Versículos 1-7: Davi poupa a vida de Saul; 8-15: Davi demonstra a sua inocência; 16-22: Saul reconhece a sua falta.

Vv. 1-7. Deus entregou Saul nas mãos de Davi. Era uma oportunidade oferecida a Davi para que exercesse a sua fé e paciência, o reino lhe fora prometido; porém, não tinha ordem para matar o rei. Ele ponderou firmemente consigo mesmo e contra os seus homens, contra a possibilidade de fazer algum dano a Saul, o pecado é algo que deve nos causar sobressalto, e temos que resistir às tentações de pecar. Davi não somente consideraria mal para si mesmo cometer um ato como aquele; tampouco toleraria que os seus homens o praticassem. Deste modo, devolveu bem por mal àquele de quem recebeu mal por bem. Desta maneira, definiu o exemplo para todos os que se dizem cristãos, de não se deixarem vencer pelo mal, mas de vencerem o mal com o bem.

Vv. 8-15. Davi foi falsamente acusado de procurar o mal de Saul; demonstra, então, que a providência divina lhe dera a oportunidade de fazê-lo. E foi com um bom princípio de Deus que se negou a fazê-lo. Declara a sua decidida resolução de não ser jamais o seu próprio vingador, se os homens nos fizerem o mal, Deus nos fará o máximo bem no grande dia do juízo.

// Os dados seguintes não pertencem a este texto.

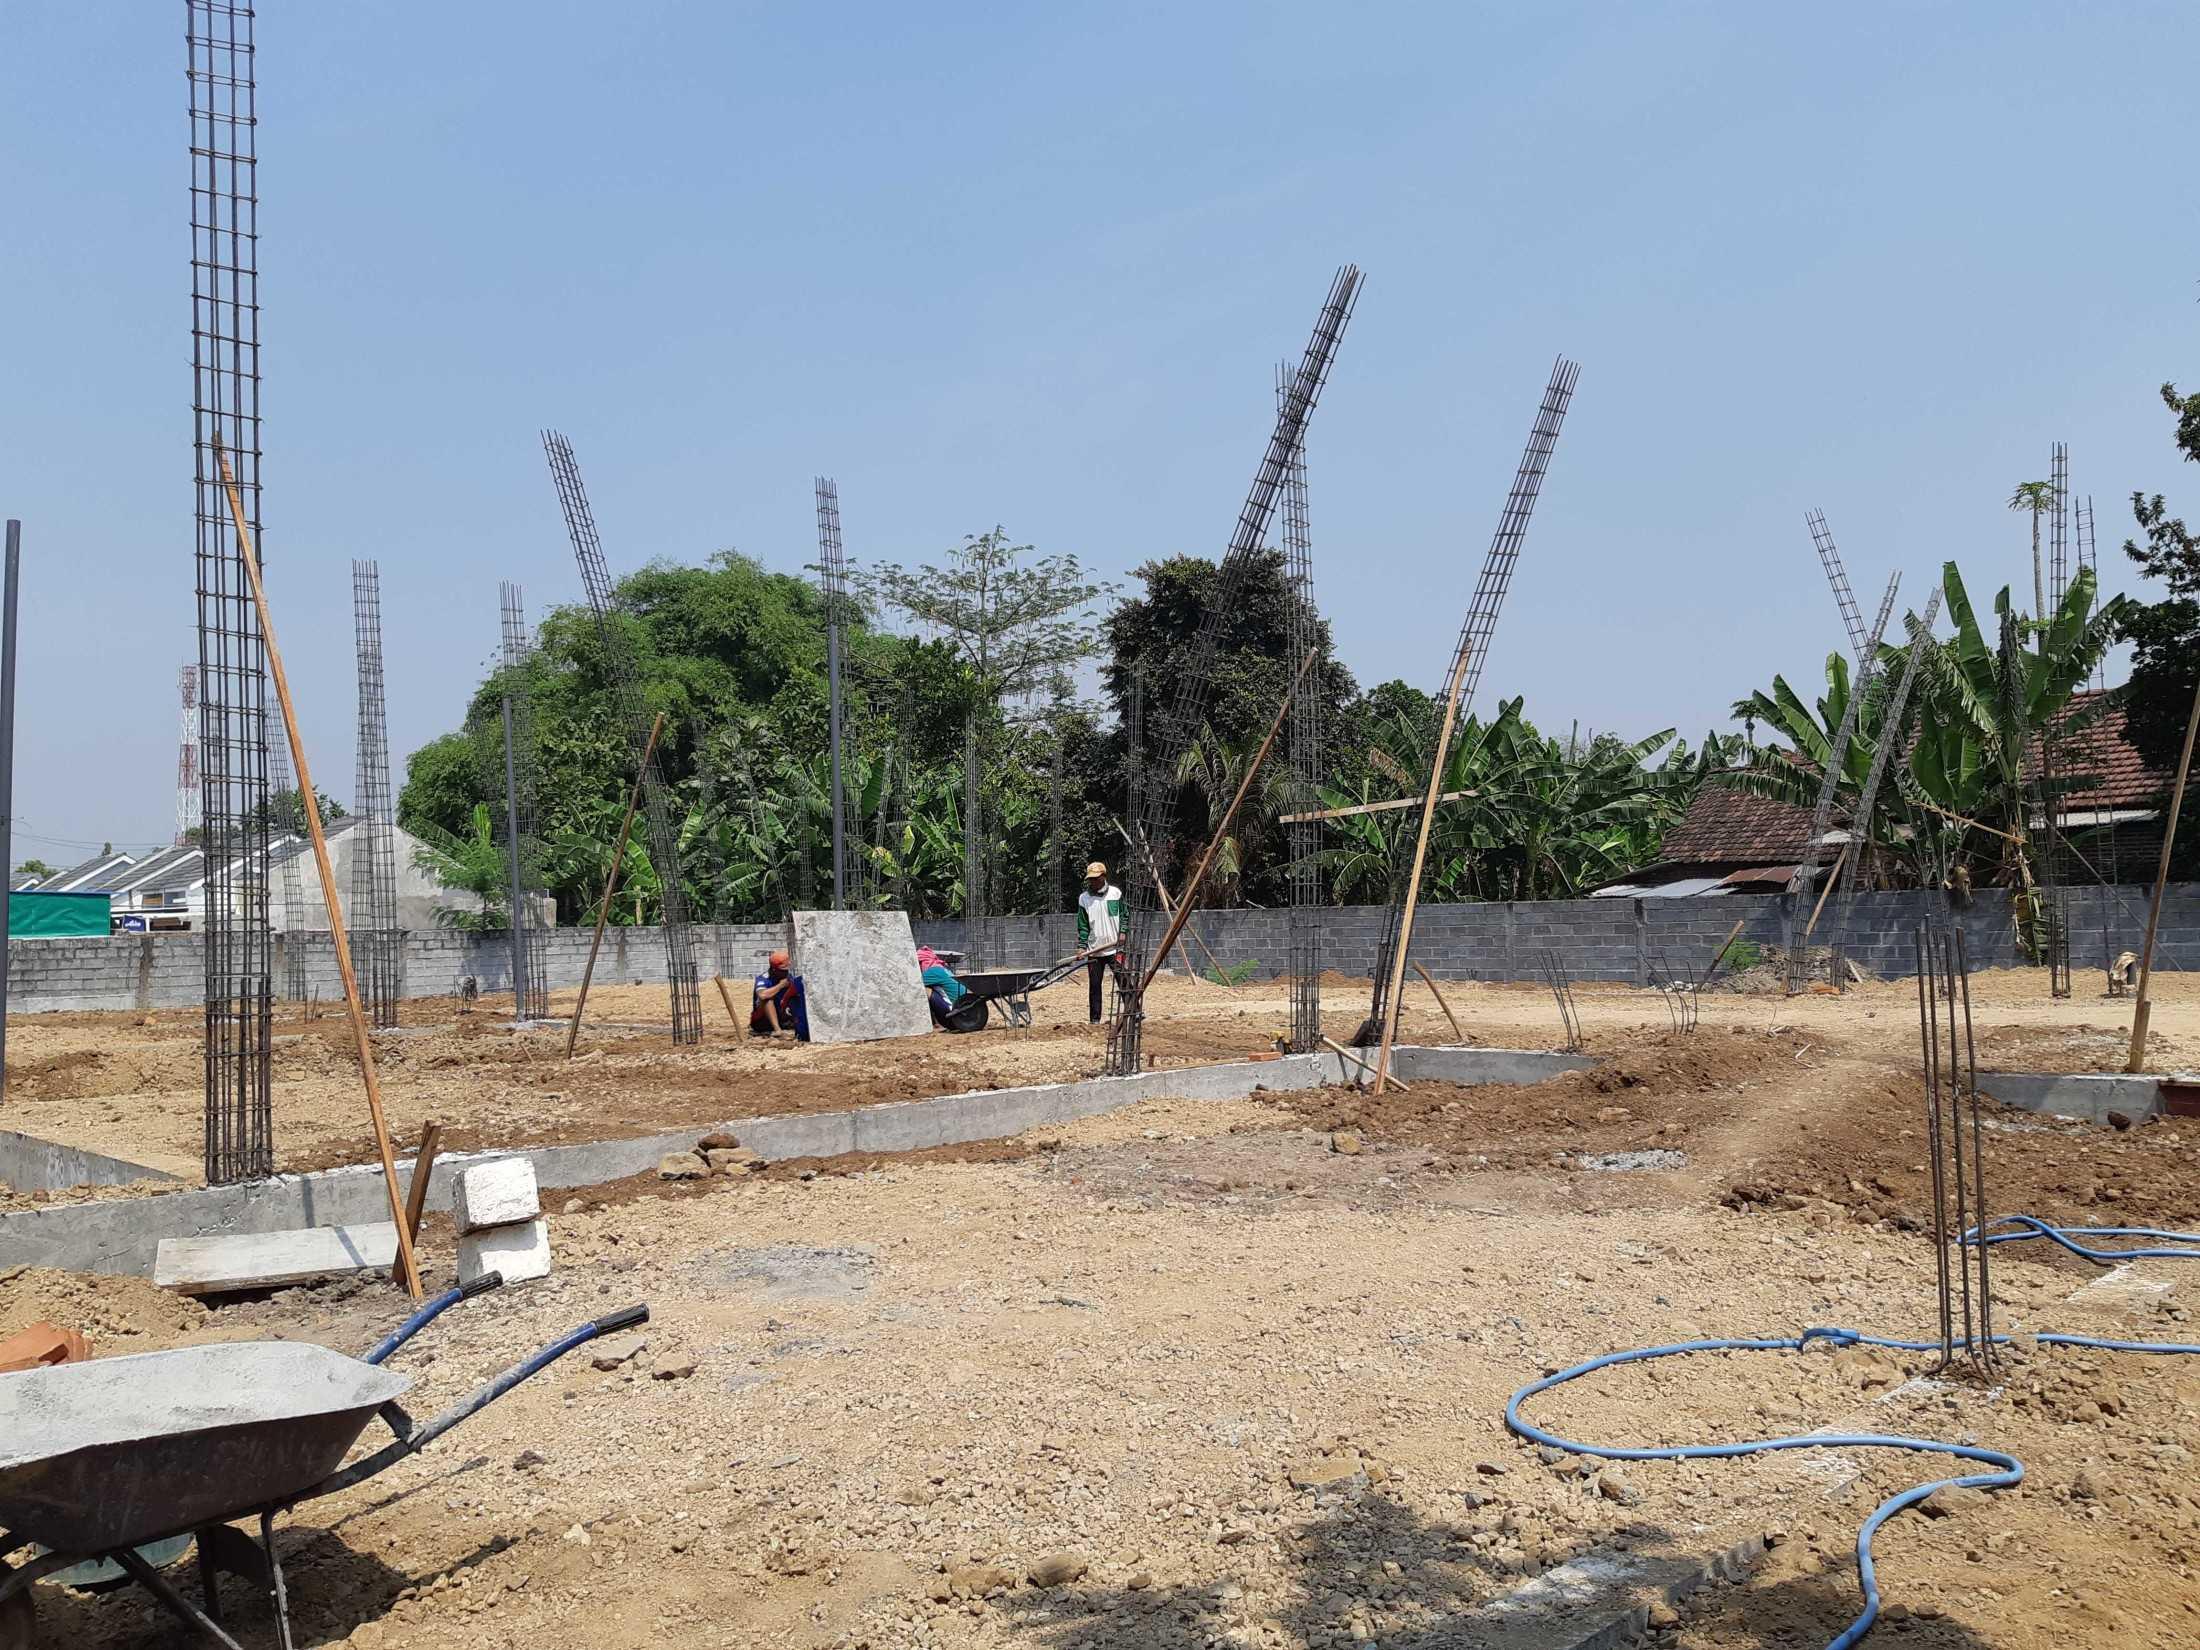 Gradasi Pungky House Mojokerto, Mergelo, Kota Mojokerto, Jawa Timur, Indonesia Mojokerto, Mergelo, Kota Mojokerto, Jawa Timur, Indonesia Gradasi7-Pungky-House  89088

Vv. 16-22. Saul fala completamente vencido pela bondade de Davi. Muitos se lamentam de seus pecados, sem arrepender-se sinceramente deles; choram com amargura por causa deles, mas continuam-lhes enamorados e ligados. Agora Deus cumpriu para com Davi a palavra com que lhe fizera ter esperanças, de que Ele faria sobressair a sua justiça como a luz (sl 37.6). os que procuram manter uma boa consciência, podem deixar que Deus lhes dê o crédito por ela. Mais cedo ou mais tarde, Deus forçará até mesmo os que são da sinagoga de Satanás, a que conheçam e respeitem aqueles a quem Ele tem amado. Davi e Saul se separaram em paz. Saul foi para a sua casa convicto; porém, não convertido; envergonhado pela inveja que sentia em relação a Davi, mas retendo em seu peito esta raiz de amargura; irritado de que quando encontrara Davi, não teve o seu próprio coração inclinado a destruí-lo, como propusera a fazer, o rancor parece frequentemente morto, quando está somente adormecido, e reviverá com força dobrada. Porém, seja o caso em que o Senhor amarre as mãos dos homens, ou seja o caso de afetar os seus corações de modo que não nos firam, a libertação é igualmente dEle. É prova de seu amor e antecipação da nossa salvação, e deve fazer com que nos sintamos agradecidos.